In mancanza di un programma tv in prima serata tutto loro, i legali di Giampaolo Tarantini, l’imprenditore indagato che fu il tramite fra Berlusconi e la D’Addario, si sono dovuti affidare alle agenzie di stampa per ridare dignità ai fatti. «Tarantini non ha mai presentato la signora come escort», dichiarano gli avvocati Nicola Quaranta e Nico D’Ascola. Lo conferma una della trentina di ragazze presenti alla serata, Clarissa Campironi: «La D’Addario mi è stata presentata in veste di imprenditrice. La scena che mi si presentava davanti non era assolutamente di un harem, c’erano tanti uomini quante donne. E ora la D’Addario accusa sulla tv pubblica me e le altre ragazze di svolgere la sua stessa attività, senza che noi possiamo difenderci».
Falso anche che «le ragazze accompagnate nella residenza privata di Berlusconi fossero state presentate anch’esse come escort». E l’accordo tra Giampi e Patty «non implicava alcun precostituito accordo in ordine a prestazioni sessuali già commissionate»: la nuova icona della sinistra aveva invece detto che Tarantini le aveva dimezzato la bella cifra pattuita di 2000 euro perché non si era fermata al dopocena.

È lungo l’elenco delle falsità dichiarate dalla D’Addario in diretta Rai. «Tarantini non le ha chiesto un curriculum in vista di una candidatura alle europee»: e quando mai faceva lui le liste del Pdl? «Non ha accompagnato Berlusconi a Milano in occasione di taluni dissapori con la signora Veronica Lario». «Non è vero che le cene a Palazzo Grazioli fossero popolate da un numero elevato, se non addirittura indeterminato, di ragazze accompagnate da Tarantini». Il quale ha portato al massimo due o tre fanciulle e soltanto «al fine di fare bella figura» con il presidente.

In visita al contingente italiano a Herat, in Afghanistan, anche il presidente del Senato Renato Schifani è intervenuto sul caso Annozero: «Siamo alla palese indecenza». E in Rai c’è molta irritazione per la puntata di giovedì.
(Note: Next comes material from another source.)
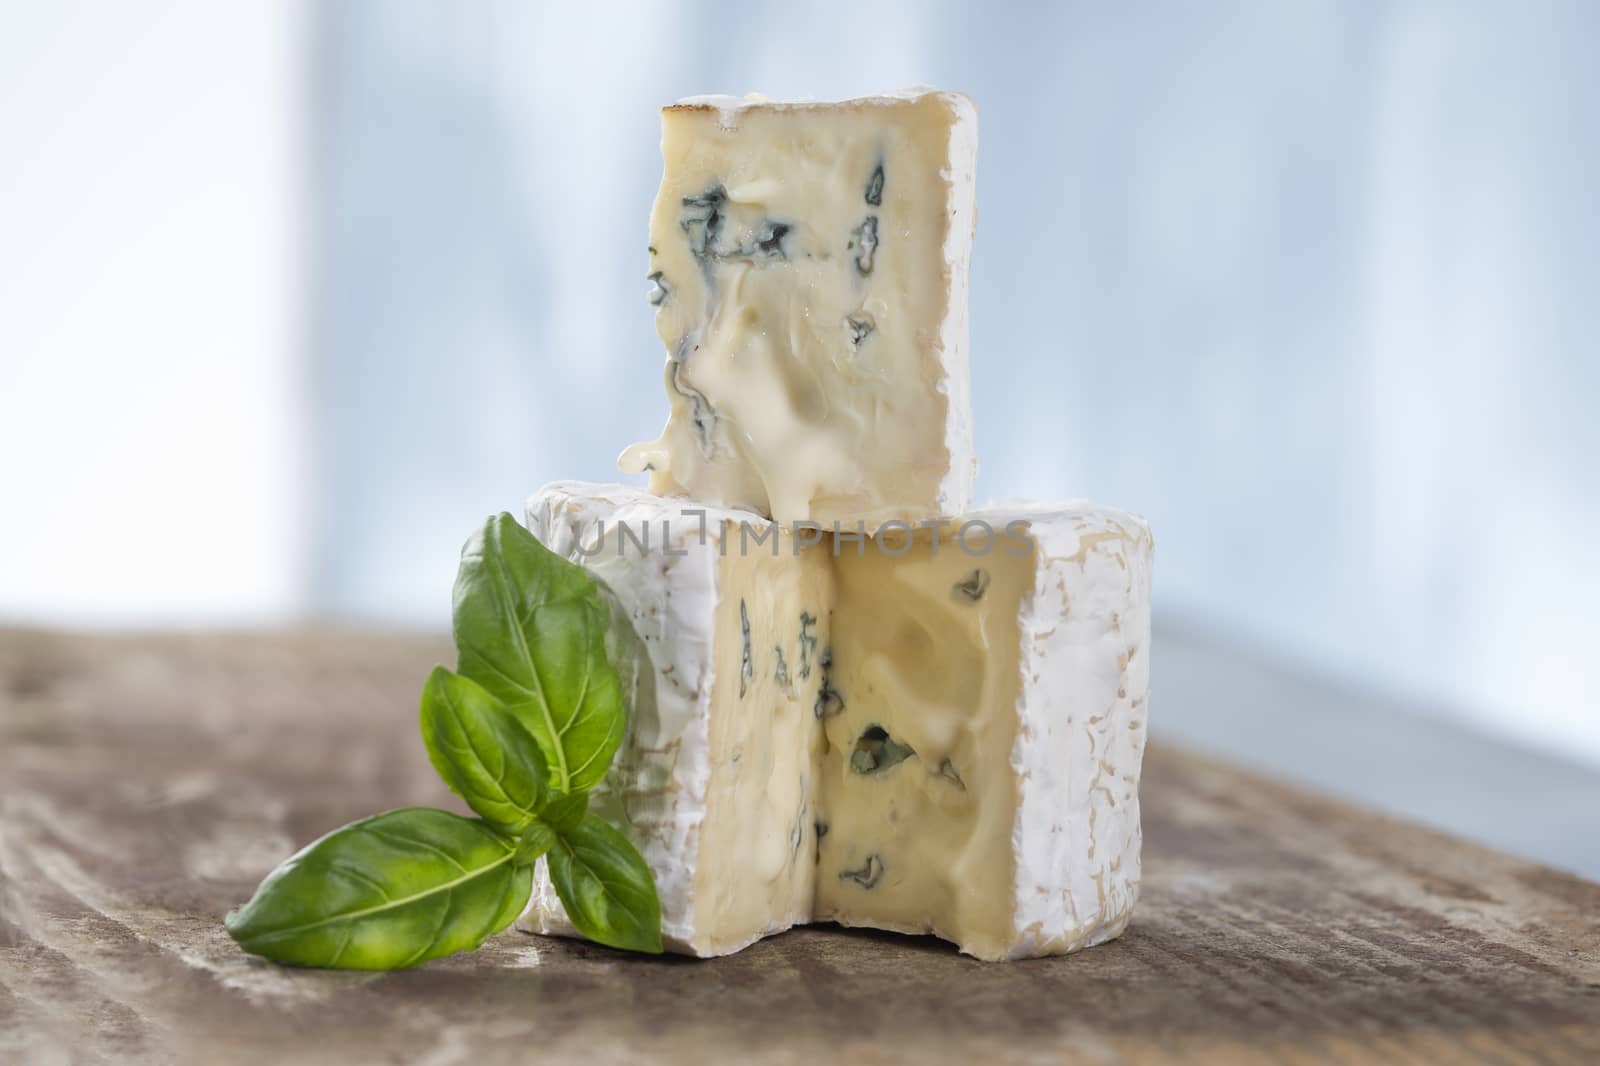 traditional, regioanal cheese - bleu d'auvergne

Esiste il rischio reale di strascichi giudiziari, in quanto la D’Addario è stata mandata in onda senza il contraddittorio con altre parti coinvolte nella vicenda che non hanno potuto difendersi. Tarantini e i suoi legali, non invitati, minacciano fuoco e fiamme. A ciò si aggiunge il malumore che serpeggia nelle associazioni delle famiglie cattoliche per la presenza di prostitute in prima serata e per le volgarità della Bbc mandate in fascia protetta. Per inciso, lo stesso filmato trasmesso all’inizio di Annozero fa parte del trappolone: il programma «Mock the week» è stato presentato come un seriosissimo talk show, mentre è un serial farsesco.

Gli ascolti hanno comunque premiato il «puttan-tour» di Raidue: oltre sette milioni di spettatori, un televisore su tre sintonizzato sulla banda Santoro, un pubblico composto in gran parte da giovani, laureati, persone di alto reddito ed elevata fascia sociale. È il risultato migliore per Annozero anche se erano andate meglio altre tre puntate di Tempo reale, Il rosso e il nero e Samarcanda, quest’ultima dedicata alla strage di Capaci: l’assassinio di Falcone tirò più di Patty. Santoro comunque gongola, e già annuncia: «La D’Addario? Potrei invitarla di nuovo».